Since the pressure in the veins is lower, their walls don't have to be as thick and the lumen is bigger in cross-sectional area.

The bigger lumen allows good blood flow despite the lower pressure, but bits of tissue act as one-way valves - best appreciated in the diagram above.

If the blood attempts to go in the 'wrong direction' the 'flaps' of the valve close together and stop any reverse flow happening.

 

Shunt vessels

A shunt vessel is a blood vessel that connects an artery directly to a vein, allowing the blood to bypass the capillaries in certain areas.

Shunt vessels can control blood flow by their constriction or dilation.
 

The relative diameter, cross-section areas and flow rates of blood vessels

The larger the cross-sectional area of a blood vessel the average velocity of the blood decreases.

Therefore, blood flows more slowly through capillaries than arteries or veins.

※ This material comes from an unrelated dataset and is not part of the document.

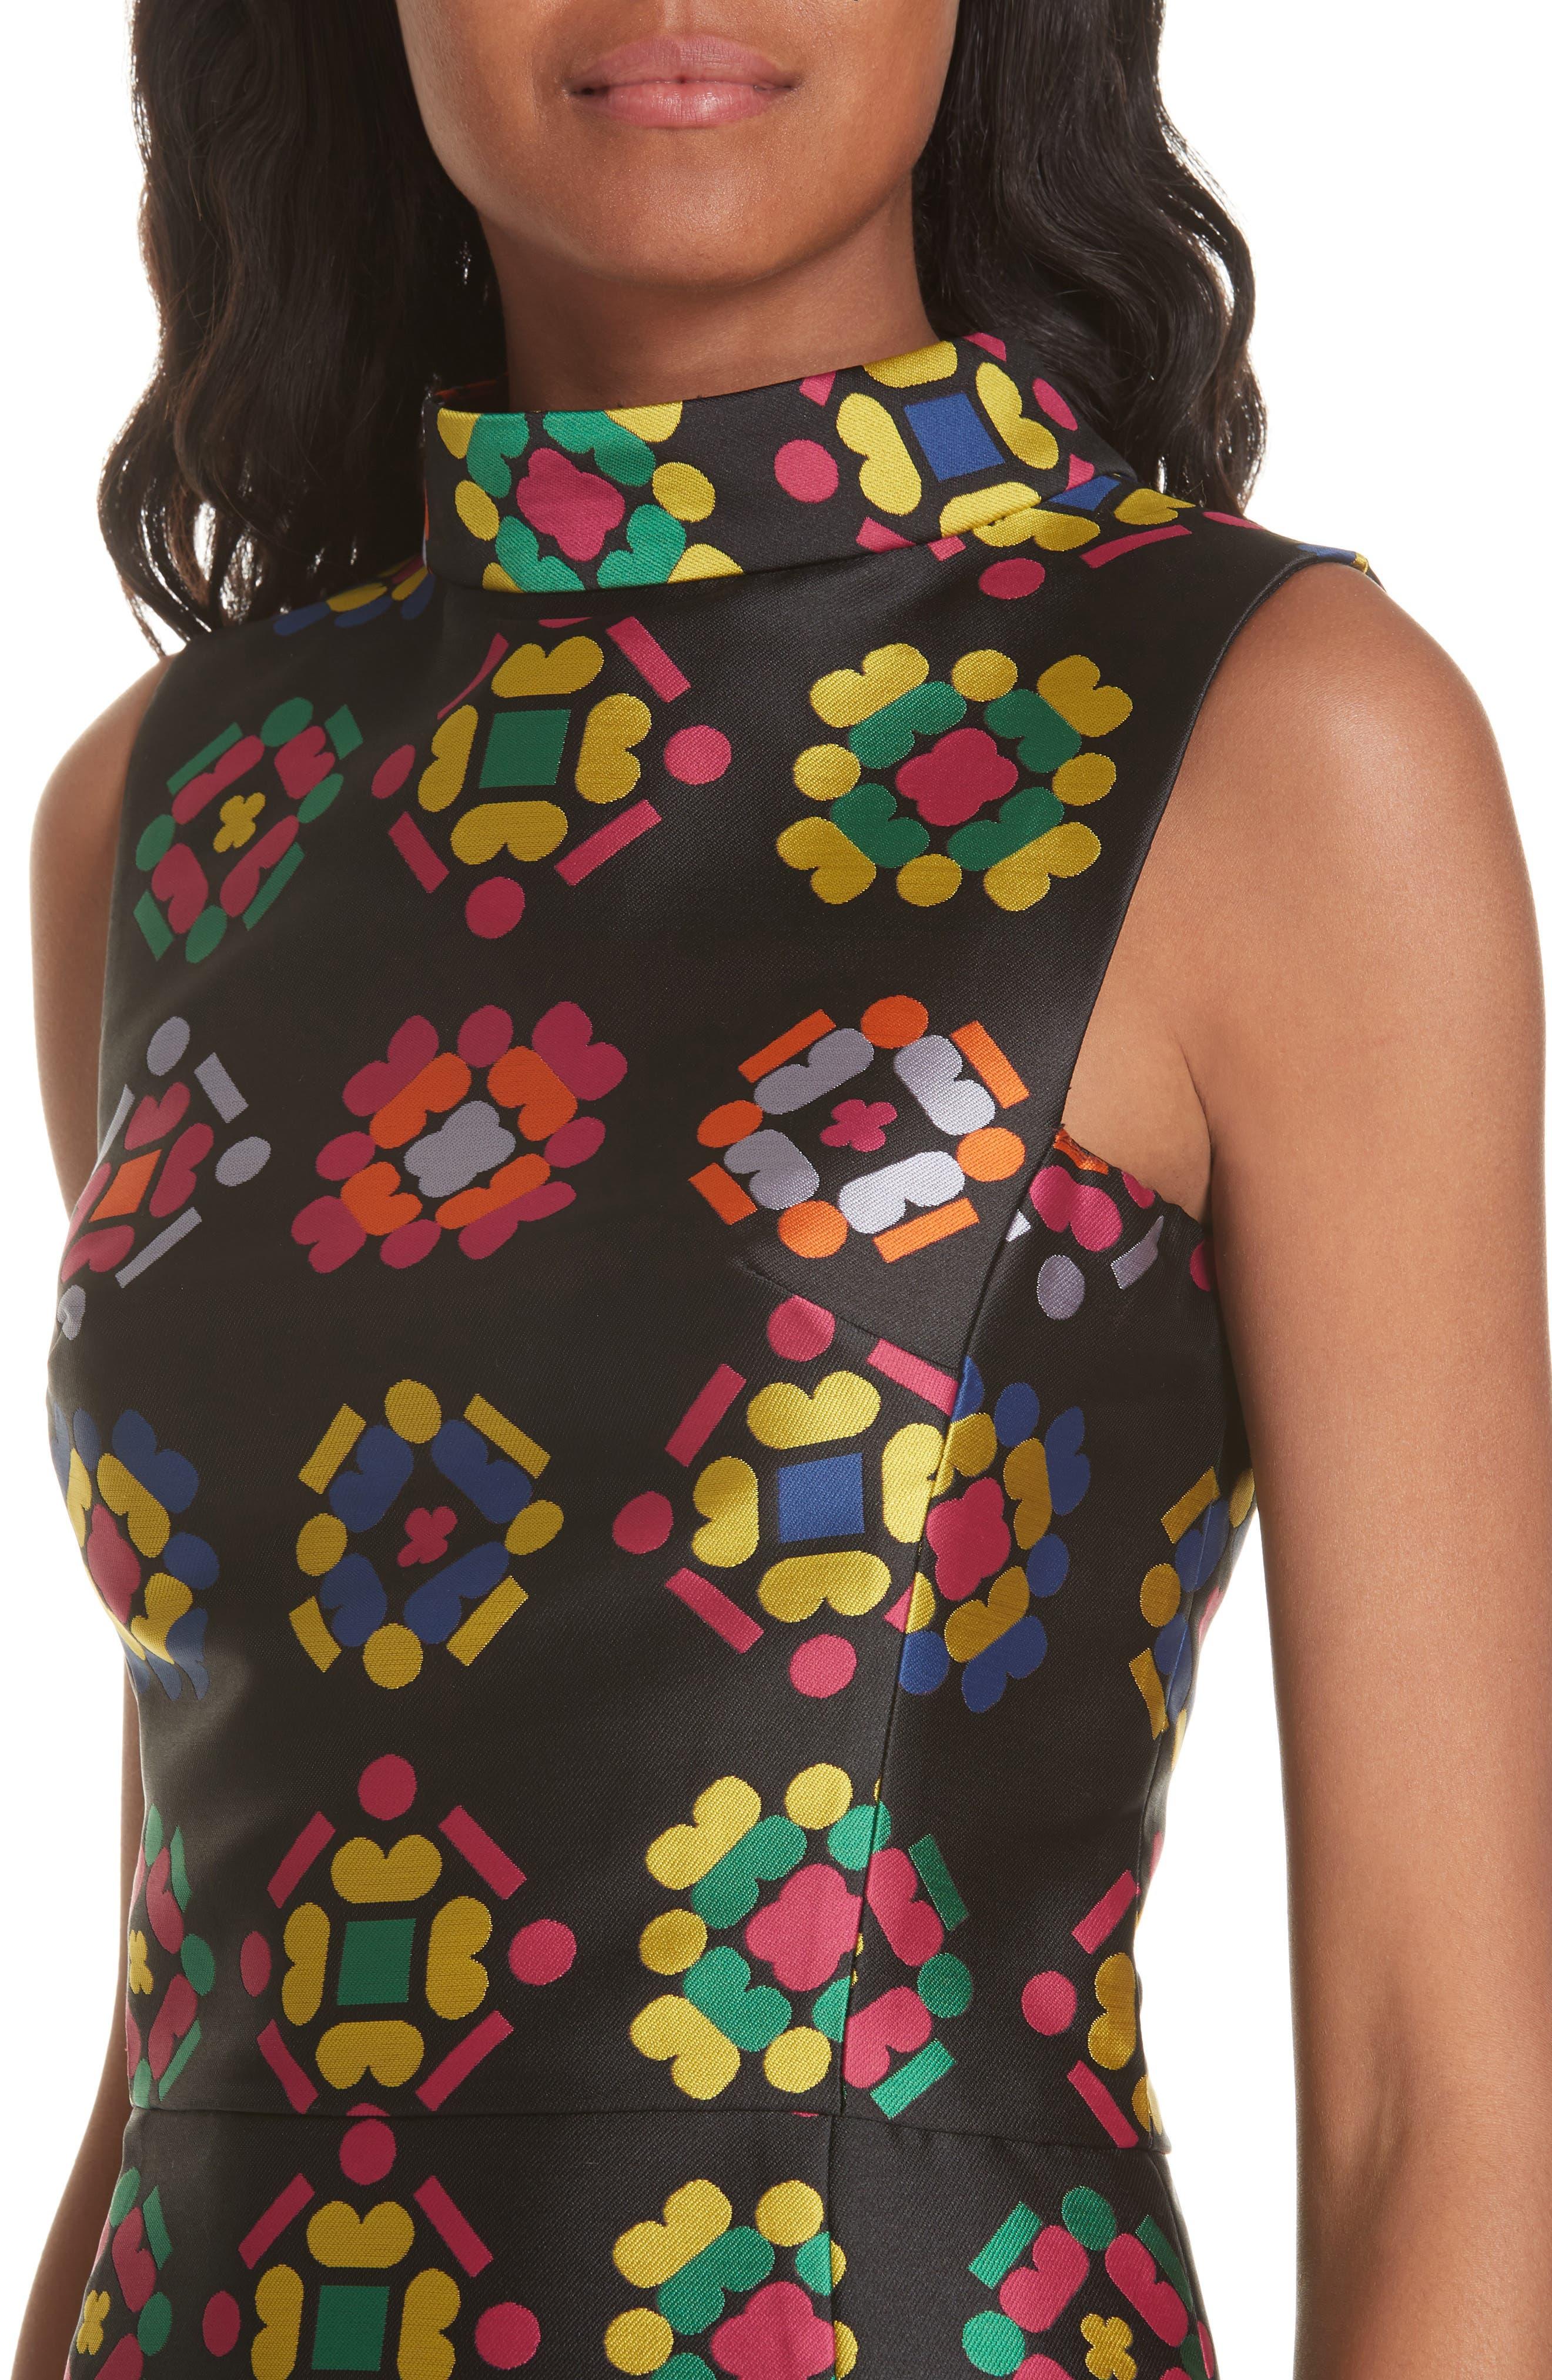 Melinda Geometric Jacquard Sheath Dress,                             Alternate thumbnail 4, color,                             001
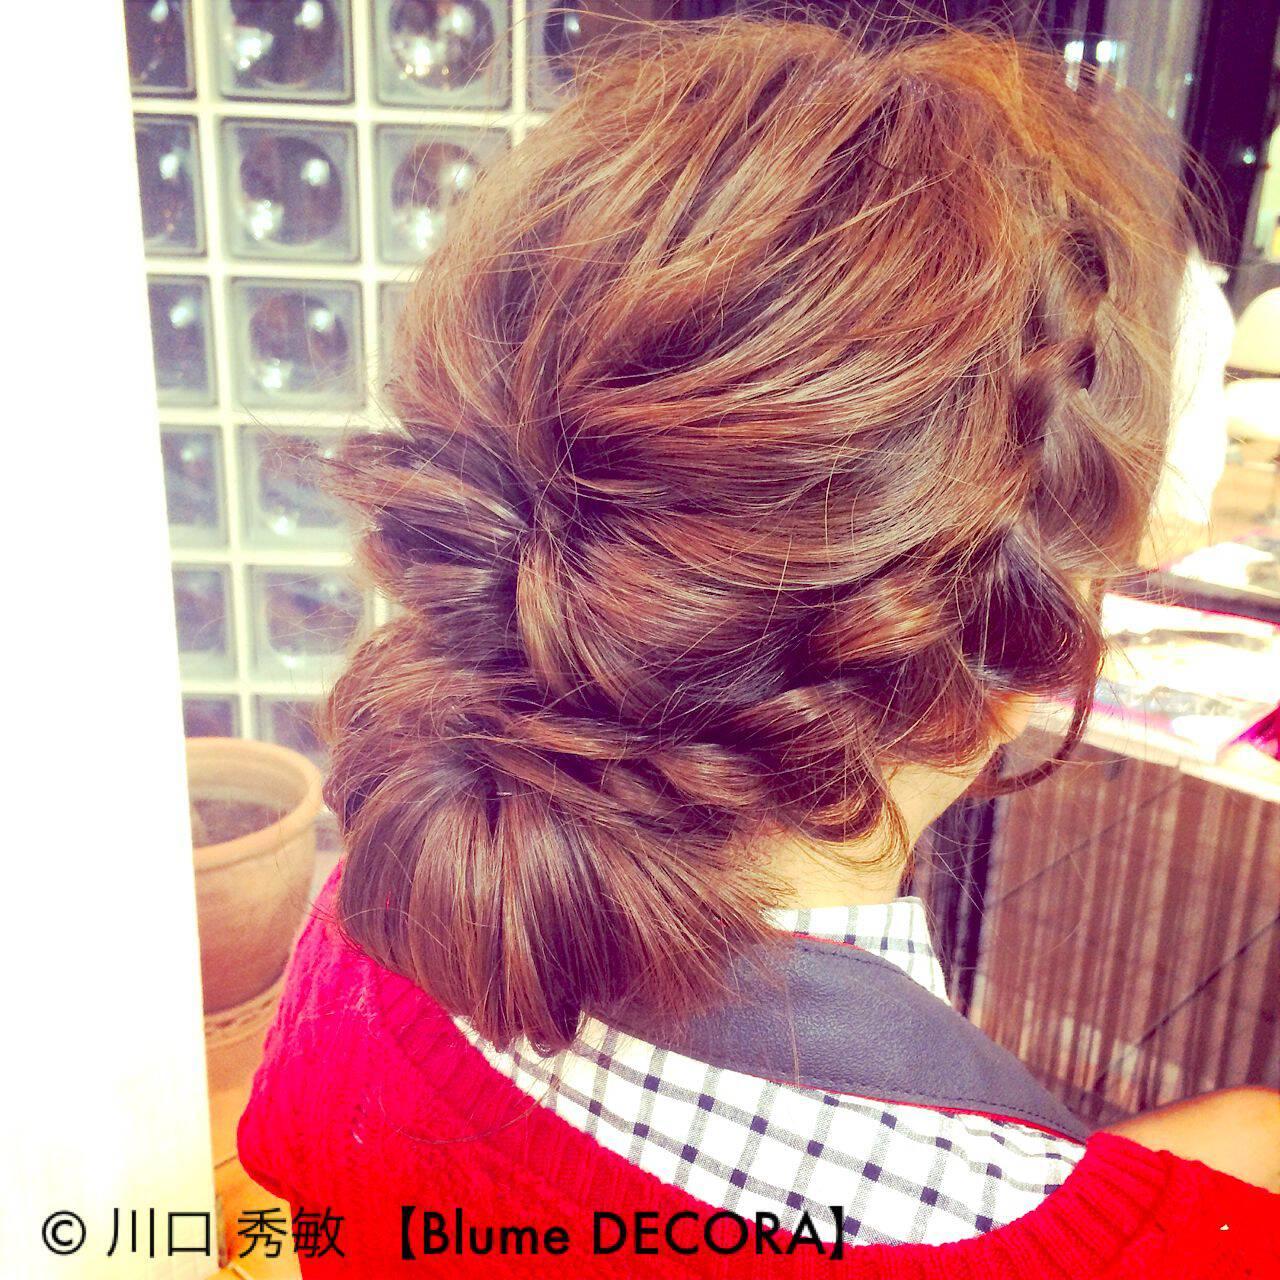 モテ髪 編み込み 愛され ヘアアレンジヘアスタイルや髪型の写真・画像

However, although capillaries are relatively small in average diameter, their total cross-sectional area is very large, so all the large blood flow from the arteries is dispersed through them.

The slow flow through capillaries is important because it allows more time for the exchange of substances through the capillary membranes.

It also means that the mean blood pressure is highest in the arteries because they are directly connected to the heart (closest).

In fact the total cross-sectional area of the capillaries is greater than that of the arteries which actually causes a fall in blood pressure.

 

Summary note on 'connections'

Strictly speaking, arteries and veins do not connect directly with capillaries.

Arteries branch into arterioles which have a much smaller diameter.

Arterioles then branch out into the even smaller capillaries.

The capillaries then connect to venules which join together to form veins.

Initially the blood vessels get narrower conveying fresh blood, nutrients and oxygen and then get larger conveying deoxygenated blood and waste products away from the tissues.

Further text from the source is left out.